The airway epithelium of asthmatics exhibits distinct genomic and phenotypic characteristics. However the mechanisms underlying the establishment and chronicity of these characteristics remains unknown. We investigated if epigenetic changes underpin the genomic characteristics of the asthmatic airways by determining the chromatin landscape of bronchial epithelial cells (BECs) in healthy and asthmatic adults.
We employed ChIP-seq of histone H3 acetylation (H3K27ac) to determine the chromatin landscape in ex vivo cultured BECs from healthy and allergic-atopic asthmatics (n = 3 donors each). Regions of differential enrichment were identified (MEDIPS) and associated genes and pathways determined (GREAT). Gene expression profiles were investigated by microarray (Illumina) and differential analysis conducted (Partek Genome Suite). Super enhancers (SEs) were identified (ROSE) and enrichment of transcription factor motifs (MEME) and their tissue distribution (protienatlas.org) determined.

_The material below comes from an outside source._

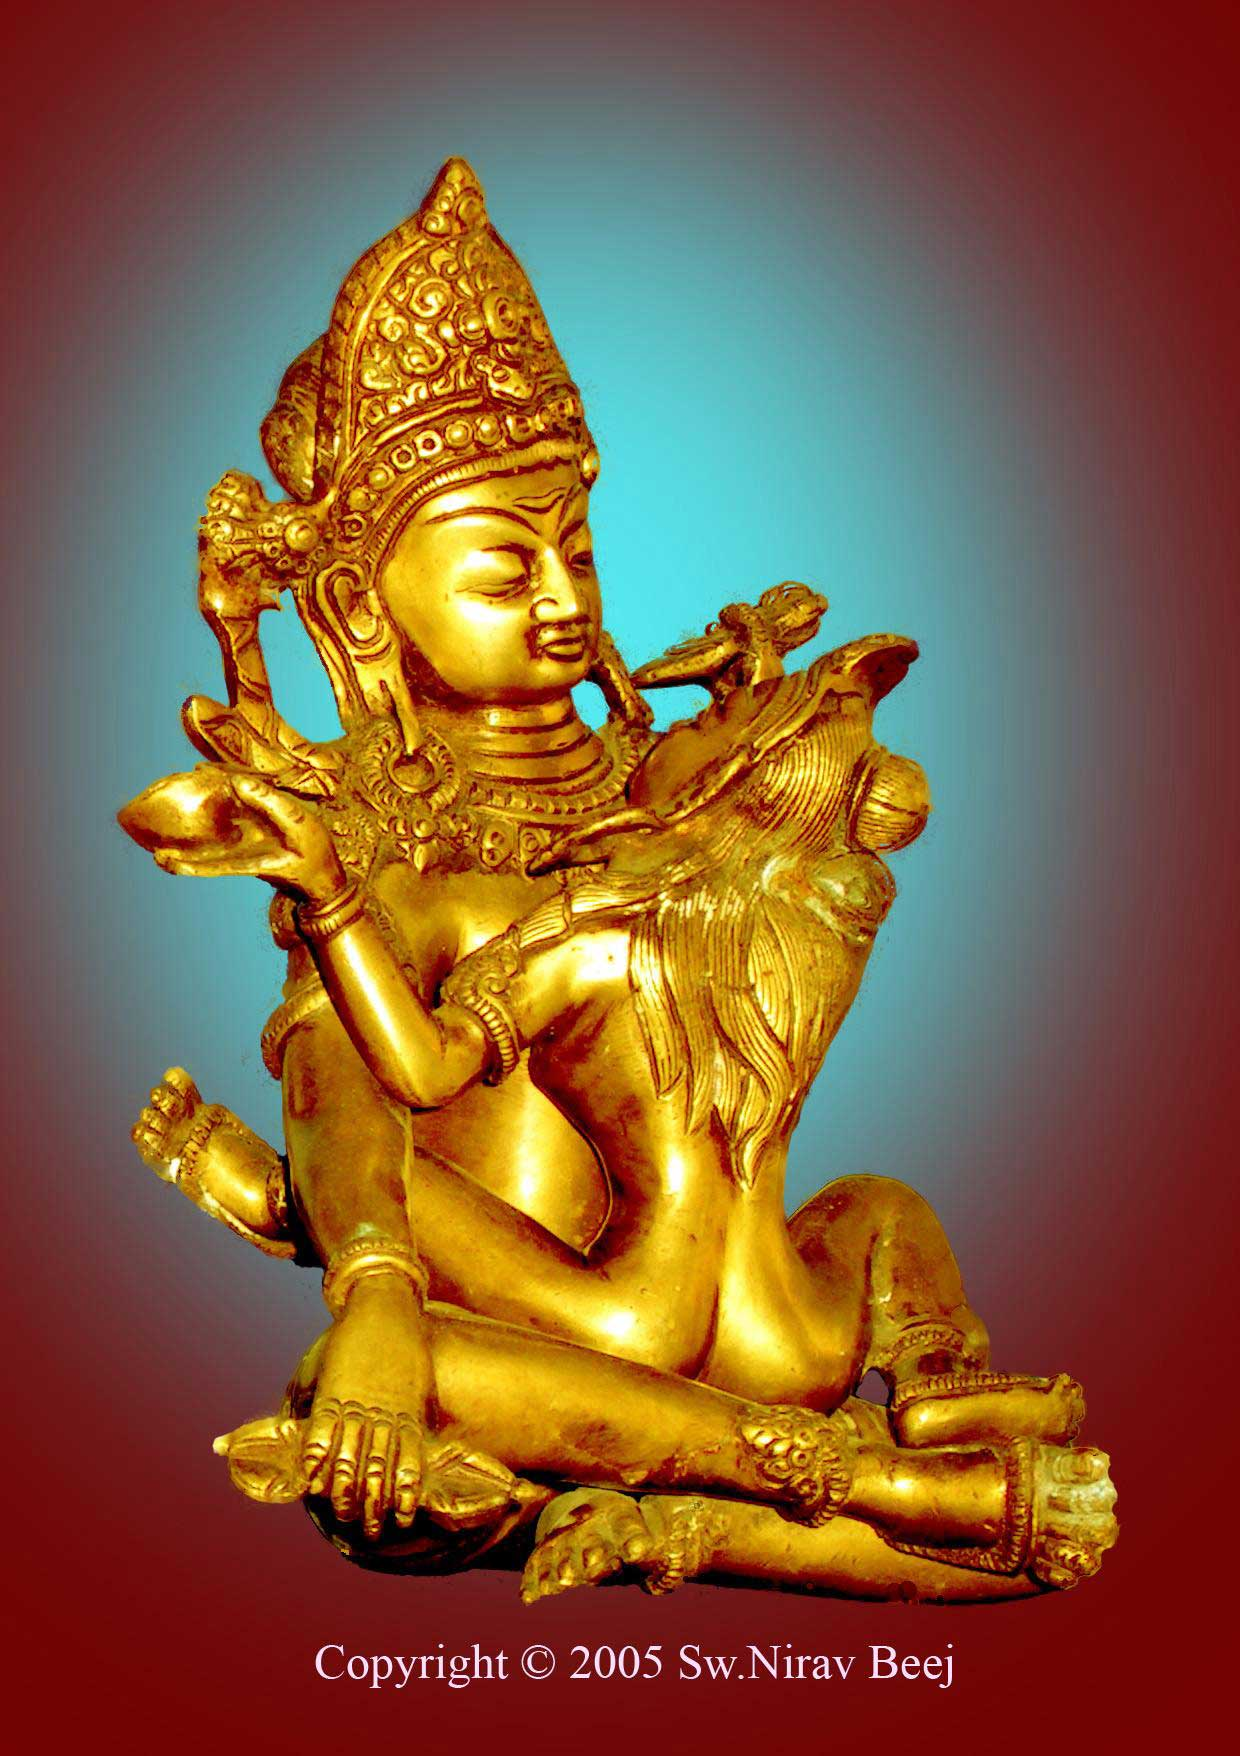 Shiva-Shakti beeld wat eigenlijk een Buddha is met zijn geliefde Godin in yab-yum houding
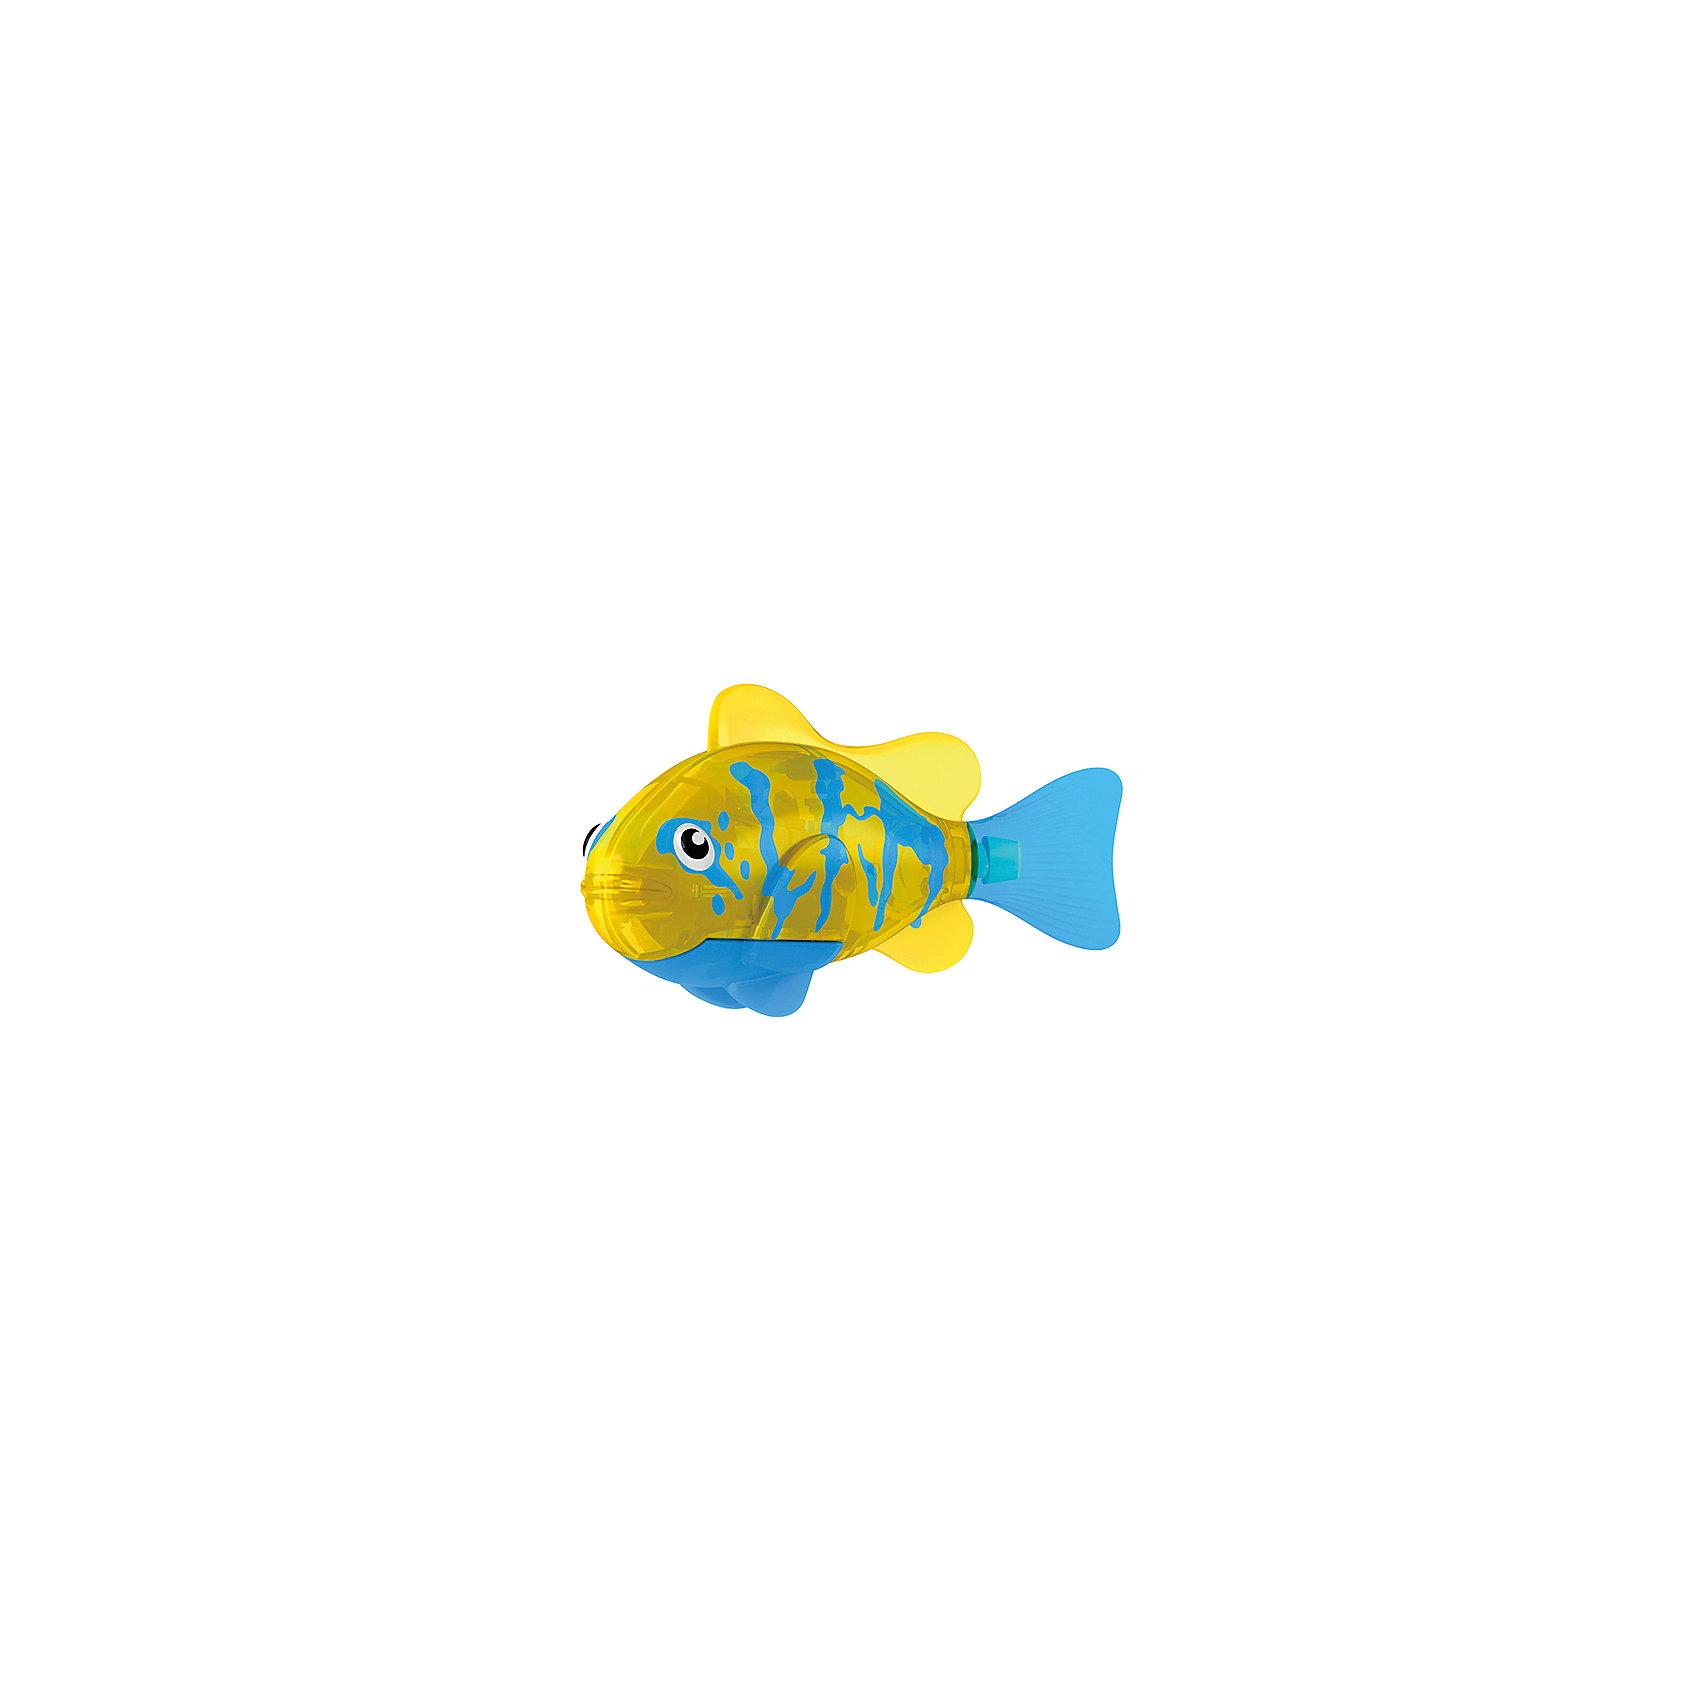 РобоРыбка Белогрудый хирург, RoboFishРоборыбки<br>Тропическая РобоРыбка Белогрудый хирург, ZURU (Зуру) – это высокотехнологичная инновационная игрушка, имитирующая повадки рыбы в воде.<br>Тропическая РобоРыбка (Robofish) Белогрудый хирург напоминает свою родственницу из теплых морей. Для РобоРыбки нужна только ёмкость с водой, и никакого ухода! Автоматический датчик, активирует рыбку в воде. Мягкий силиконовый хвост и электромагнитный мотор позволит ей двигаться в 5 различных направлениях: влево, вправо, вперед, вверх или вниз. Ультразвуковая герметизация на 100% защитит внутренности от проникновения воды. РобоРыбка повторяет повадки настоящих рыб: опускается на дно и всплывает на поверхность, сбивается в стаи с другими роборыбками, трется о стенки аквариума, меняет скорость движения, оплывает преграды. Внутри рыбки в крышке под батарейками находится специальный грузик, регулирующий глубину ее погружения. Для того, чтобы рыбка перестала двигаться нужно достать её из воды и насухо вытереть. Хранить РобоРыбку можно на специальной подставке, которая есть в комплекте. Игрушка выполнена из материалов абсолютно безопасных для здоровья.<br><br>Дополнительная информация:<br><br>- Возраст: для детей от 3 лет<br>- В комплекте: 1 рыбка, подставка, 4 батарейки (две установлены в игрушку и 2 запасные)<br>- Батарейки: тип RL44(A76)<br>- Размер рыбки: 7,5 x 2,0 x 3,5 см.<br>- Материал: пластик с элементами металла и резины<br>- Вес в упаковке: 72 г.<br>- Размер упаковки: 20 x 6,5 x 5 см..<br><br>Тропическая РобоРыбка (Робофиш) Белогрудый хирург, ZURU (Зуру) - заведите себе аквариум, обитатели которого порадуют и развлекут Вас своими забавными повадками и при этом совсем не потребуют никакого ухода!<br><br>Тропическую РобоРыбку Белогрудый хирург, ZURU (Зуру) можно купить в нашем интернет-магазине.<br><br>Ширина мм: 435<br>Глубина мм: 240<br>Высота мм: 405<br>Вес г: 216<br>Возраст от месяцев: 48<br>Возраст до месяцев: 96<br>Пол: Мужской<br>Возраст: Детский<br>SKU: 3609990

We identified 33,744 differentially enriched regions (DERs) of H3K27ac between asthma and healthy BECs. DERs were associated with genes (e.g. SERPINB2, TSLP) and pathways (e.g. leukotriene synthesis, antiviral response) previously implicated in asthma and had little overlap with known glucocorticoid receptor binding sites (1.7% of total). DERs occurred up to 100kb from gene promoters and gain or loss of H3K27ac was associated with increased and decreased gene expression in asthmatics respectively. Using a comparative approach, we identified SEs that were common (i.e., present across all donors) and distinct to health and asthma. In addition to established asthma genes (e.g. CLCA1) and transcription factors (e.g. TP63), asthma-SEs encompassed non-coding RNAs (up to 32% of genes) and epithelial-specific transcription factors (e.g. GCM2) previously unreported in asthma.
Our data indicates that asthma influences the chromatin landscape of BECs and suggests the genomic differences observed in the asthmatic airway epithelium are underpinned by established epigenetic mechanisms.